The fact that in FY2024, HP’s printing division generated $4.5 billion in net revenue, much of it from proprietary ink and toner sales, appears to support this idea.

Lores has also argued that Dynamic Security helps protect customers from potential security threats, claiming third-party cartridges could, in theory, carry malicious firmware. However, such risks remain hypothetical and there’s little evidence of this happening in real-world scenarios.

Settlement Without Liability

Rather than fight the lawsuit in court, HP has now agreed to settle without admitting wrongdoing. Under the terms, the company will continue to disclose that its printers may block third-party cartridges and has pledged to allow customers the choice to install or decline firmware updates containing Dynamic Security.

“HP denies that it did anything wrong,” the official settlement notice states, “but agrees to maintain certain disclosures and options regarding firmware updates.”

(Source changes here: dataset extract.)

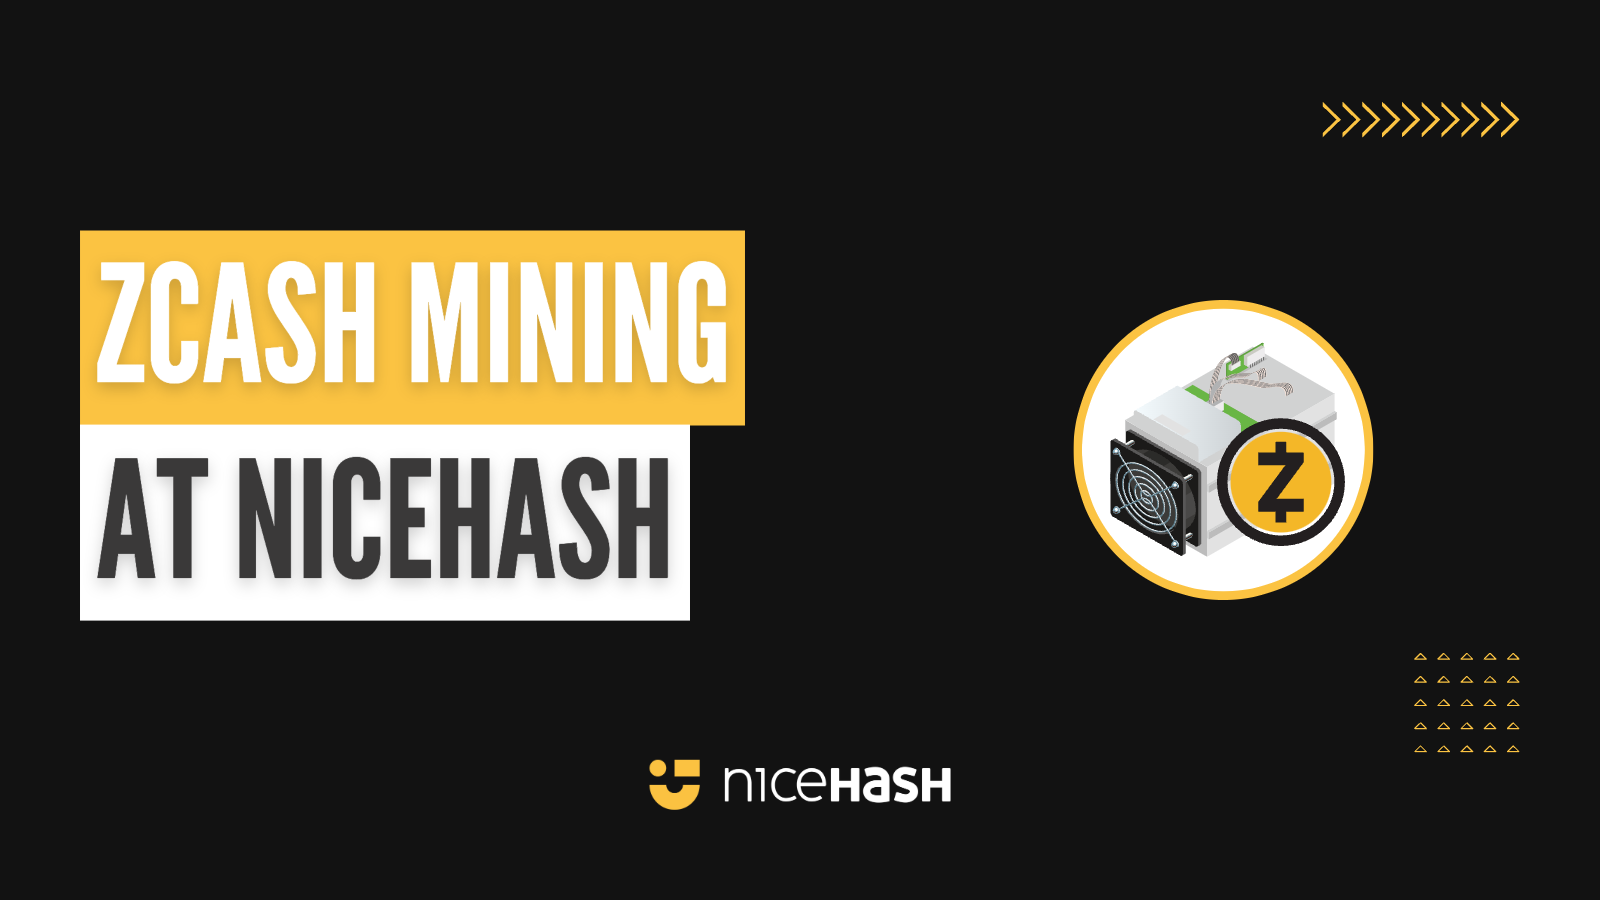 Automatic switch for Equihash - Mining Support - Zcash Community Forum

While it appears that no compensation will be paid, the agreement marks another chapter in HP’s ongoing efforts to defend its closed ecosystem, even as it comes under increasing scrutiny from customers and regulators alike.

The Growing Backlash Against Lock-In

Unfortunately for HP, this issue isn’t likely to go away. Many customers see the lockout as an unfair restriction, especially when third-party cartridges can cost a fraction of the price. On forums and social media, frustrated users have voiced concerns about being forced into costly purchases with little warning or transparency.

For businesses that rely on predictable print costs, these kinds of restrictions can have real operational impacts. For example:

– Disruption risk. Sudden firmware changes can halt printing workflows, causing downtime for organisations.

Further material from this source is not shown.